The current emphasis on standardized test scores is anathema to the Stricklands.

"I'm an educational psychologist so my professional life has been all about assessment...We couldn't place a child on the basis of just one test. That's just a rule of thumb. You don't get a full knowledge of what a child knows or what it takes to learn on the basis of one test. I...have known...children who just don't do well on these pencil-and-paper tests and there should be other ways for children to show how they know things. So this high-stakes testing on the basis of one test goes against everything I've ever known about assessment," she said. 

It's also affecting teachers. "We do have a bunch of good teachers whose hands are tied because of the restrictiveness of this testing accountability focus," she said. 

"We have to have accountability in the basics, but we can't let that drive our curriculum like it is. We have to keep an eye on what kind of a talent base do we need for the jobs of tomorrow. And if we just look at the fact that we're competing against (others) on the basis of reading, writing, and arithmetic scores and not looking for nurturing the strengths and the talents of kids, we're missing the long view for the threat of the short view." 

In fact, employers, she said, have been complaining that too many Ohio graduates lack the ability to work in groups, solve problems, and communicate well with others. They show up for work wanting someone to tell them what to do. 

"You can't get to creativity and innovation without that basic and procedural knowledge," Mrs. Strickland said. "But we have to push it to the next level.
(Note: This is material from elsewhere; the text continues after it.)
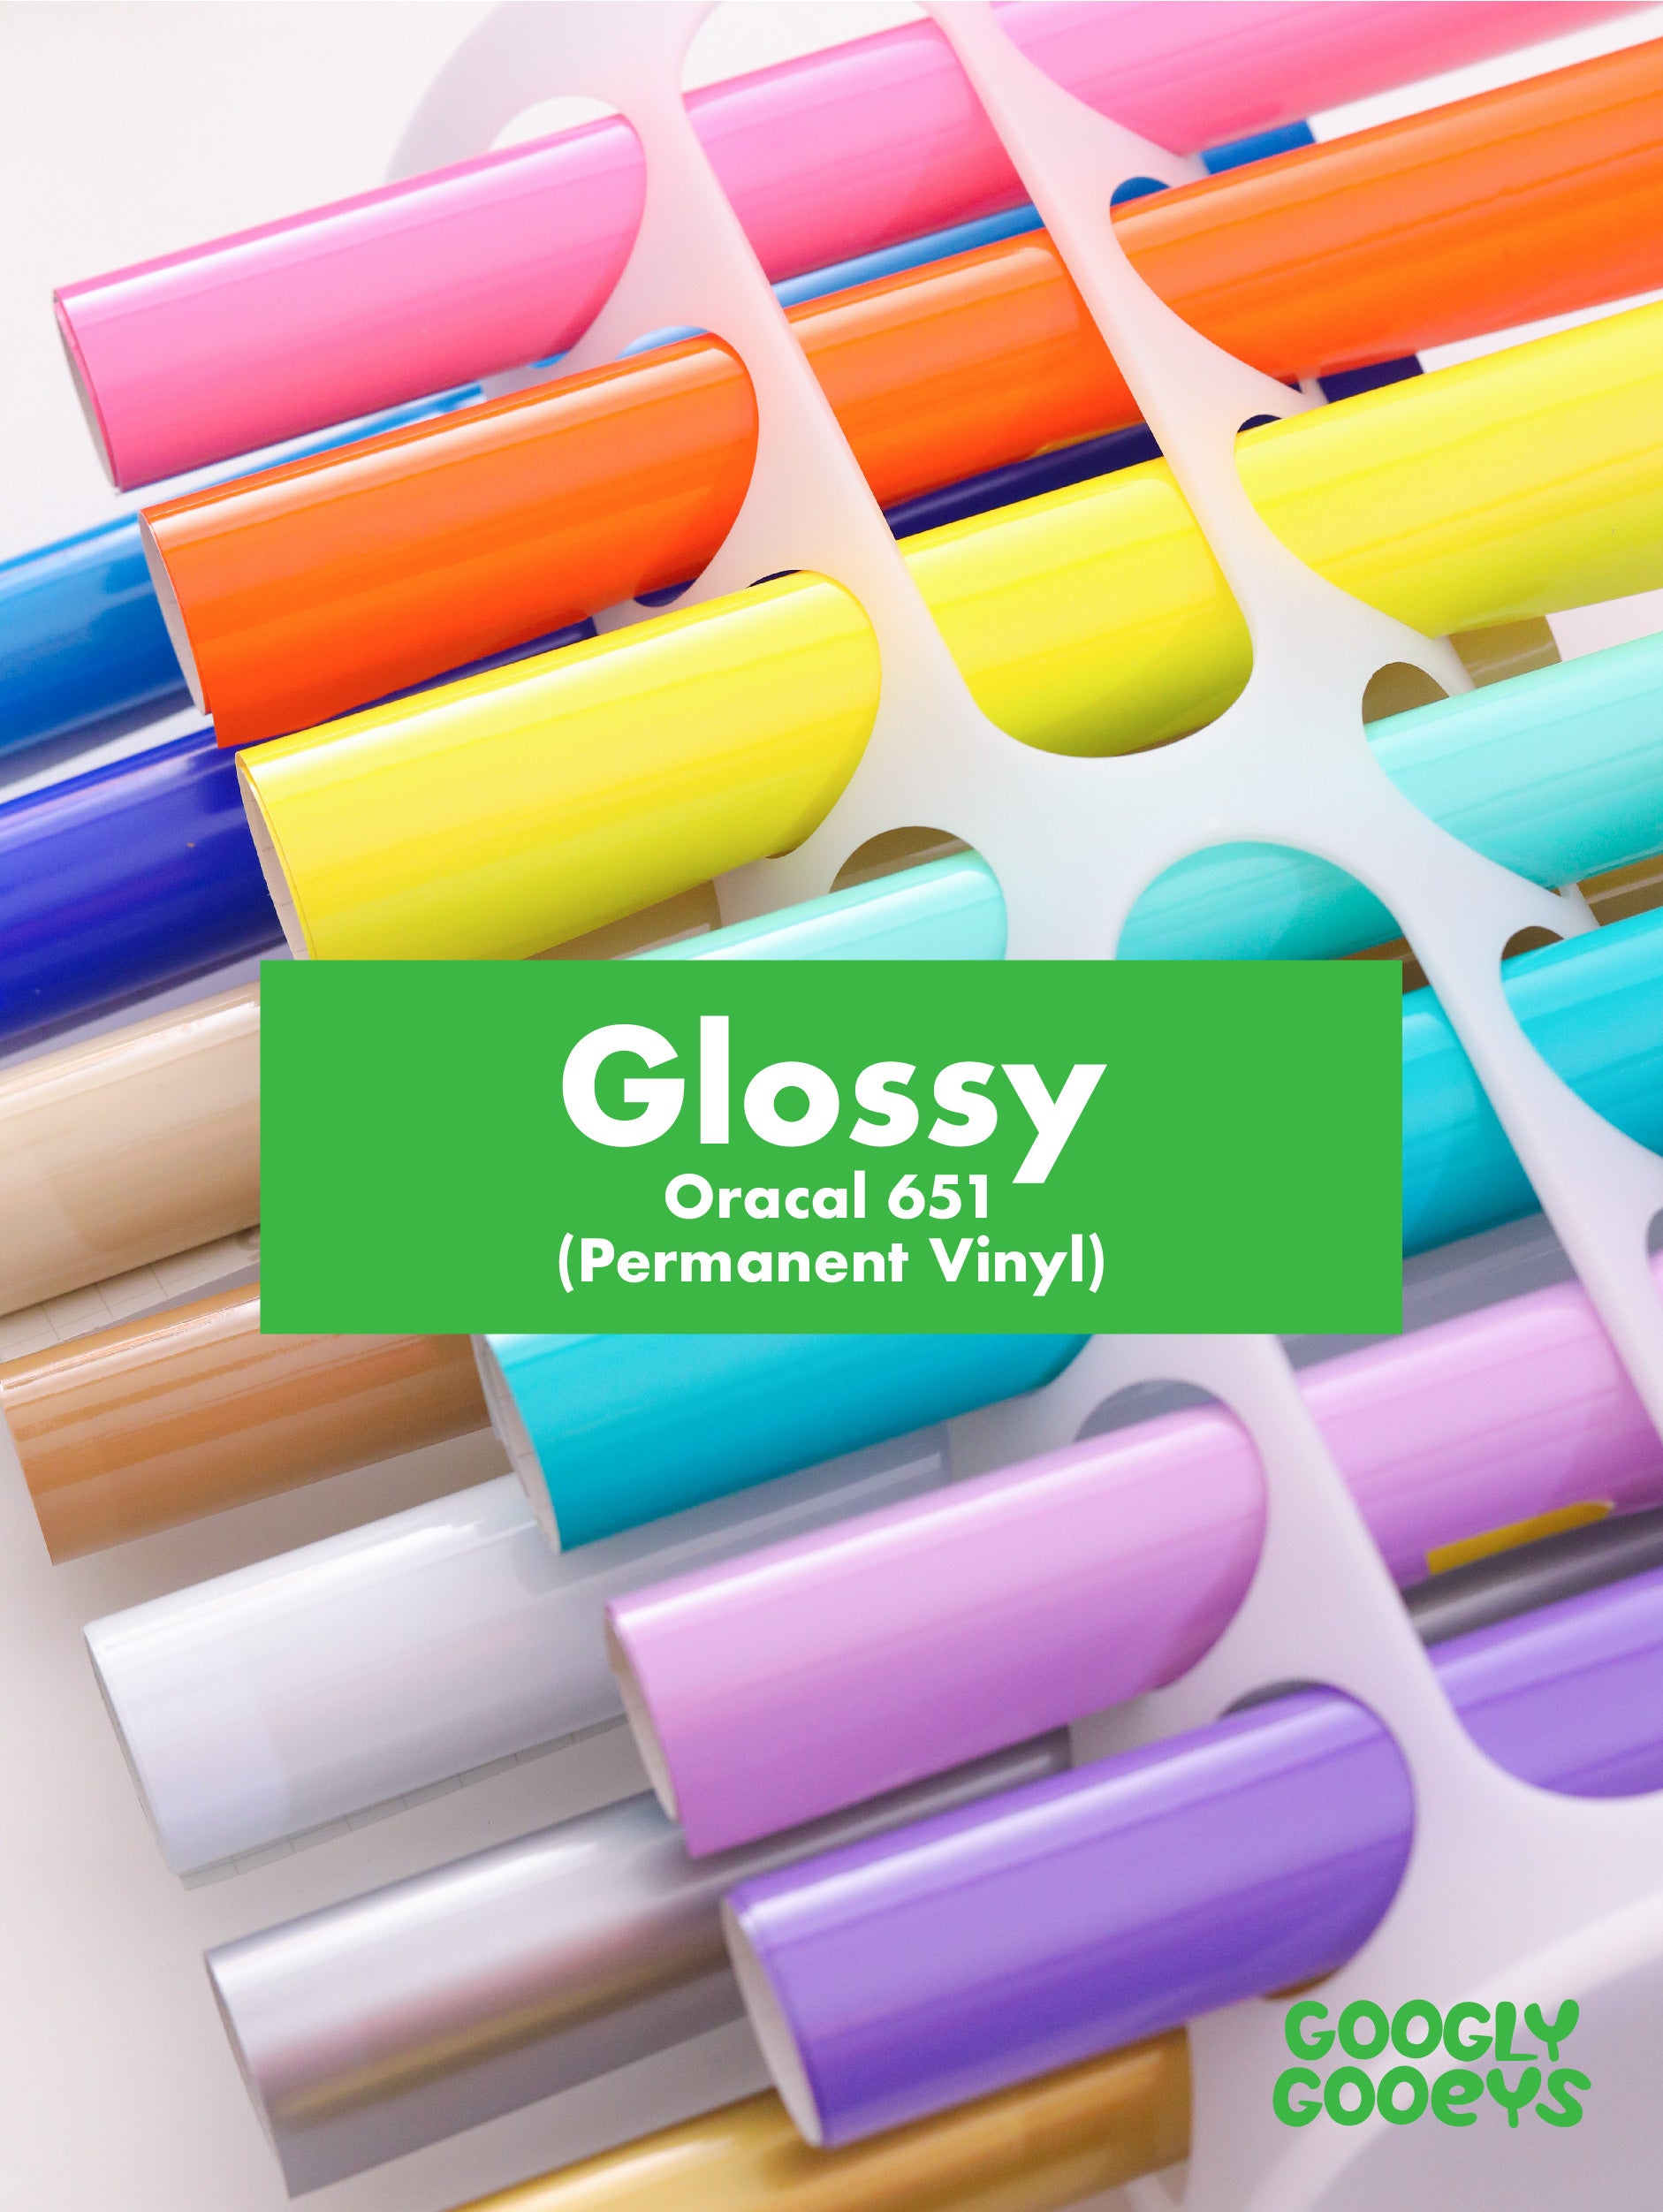 Glossy | Oracal 651 Hi-lite Vinyl Stickers Cricut Cutting Machines 12x12
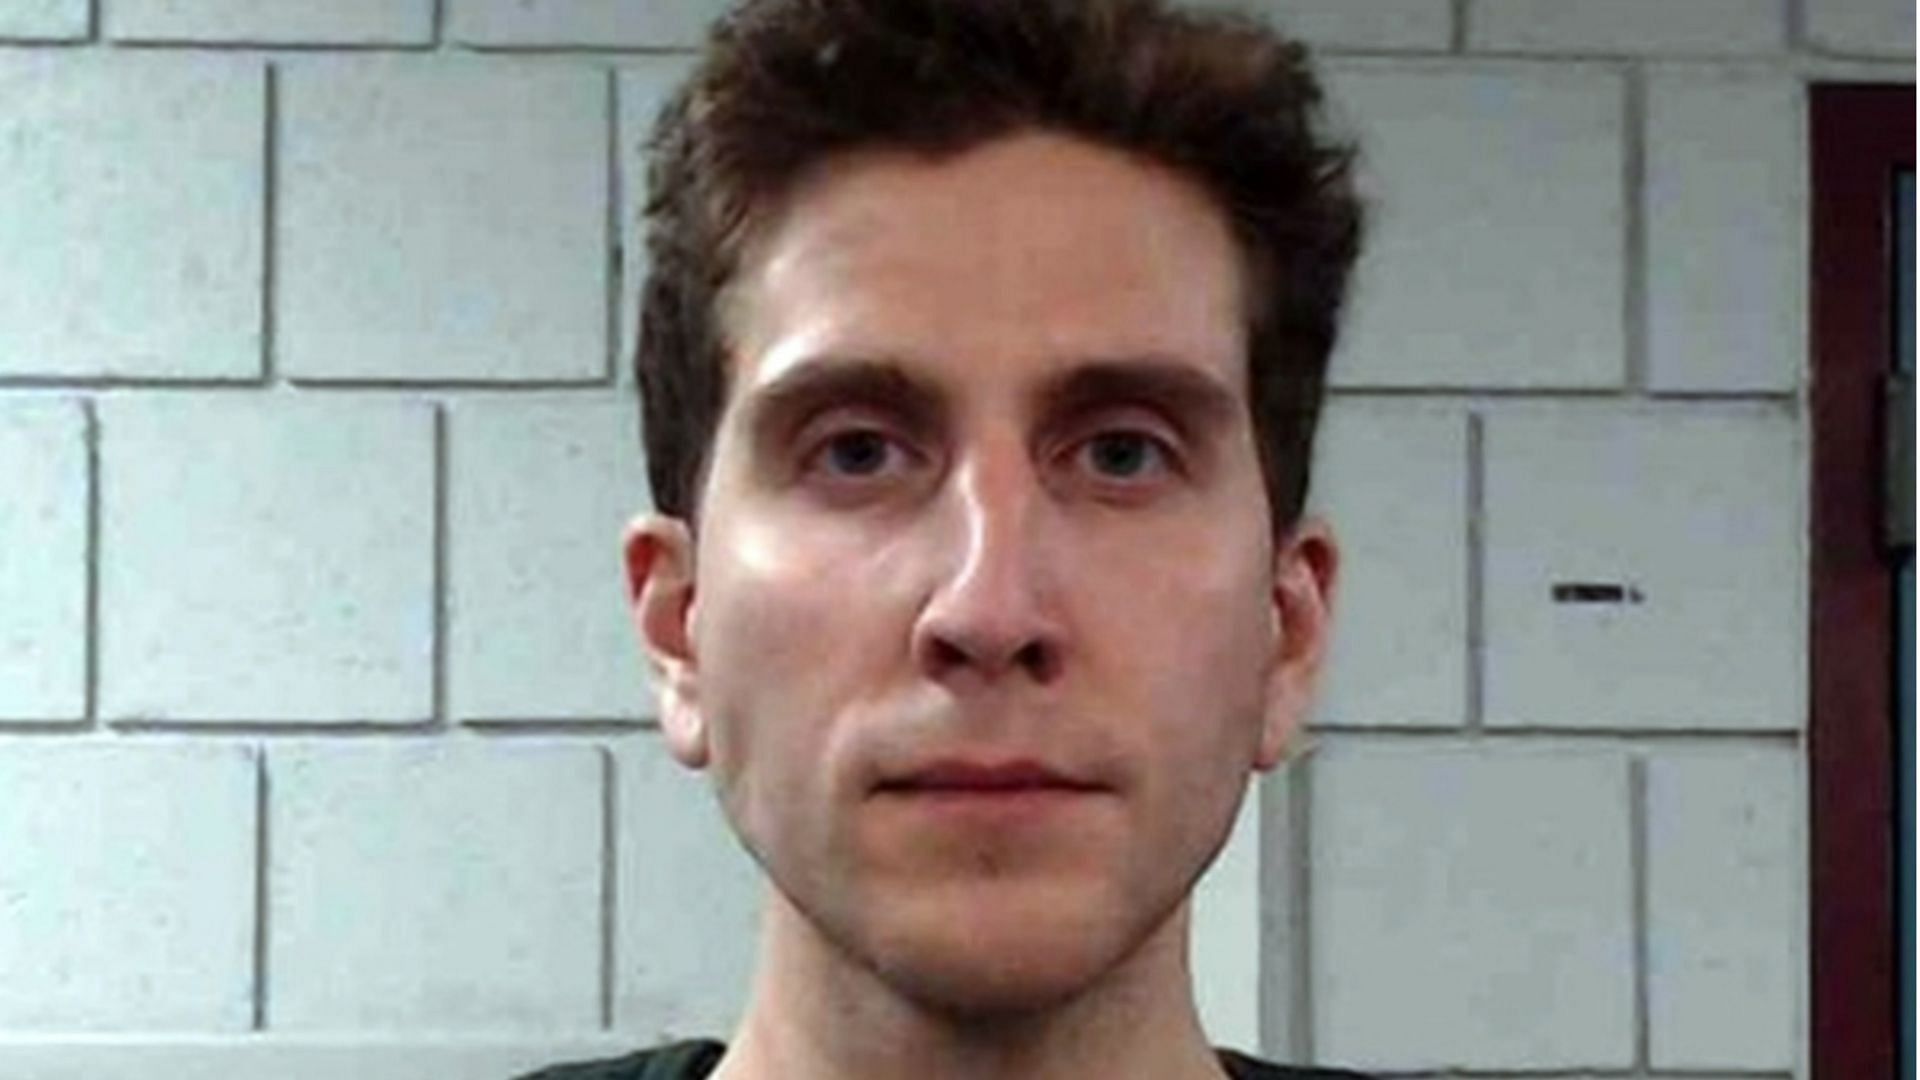 University of Idaho murder suspect Bryan Kohberger

That's what we're rethinking right now....I've been looking more and more into the role of poverty on the achievement gap and the inner city schools; although poverty is just as much a problem in the rural areas as in the inner city." 

Educators, she said, don't fully realize how much the culture of poverty competes with schooling. Creeping poverty threatens all attempts at education reform, no matter their political or philosophic underpinnings, she argues. Many Ohioans have failed to benefit from the economic rebound of the last several years. They're particularly vulnerable now that the nation is facing recession. The continued demise of manufacturing jobs, catastrophic expenses resulting from the lack of health insurance, and the loss of homes to the on-going mortgage crisis, Mrs. Strickland believes, threaten to increase poverty and permanently trap the children of the newly unemployed in generational poverty.

So where do charters fit in? They're fine as long as they produce results, Mrs. Strickland said. 

"The presumption was the charter was going to be better than the public school and in many cases they find the public school is better," she said. "Certainly the achievement scores have been higher in the public schools than in a lot of the charter schools. We're not talking about across the board. We're talking about the accountability of charter schools and the fact that public monies were going into schools that were not functioning at the level the public schools were...." 

"Any school that is able to do a successful job of teaching students should not be eliminated and Ted feels that way," Mrs. Strickland said. "We're not talking about good charter schools here."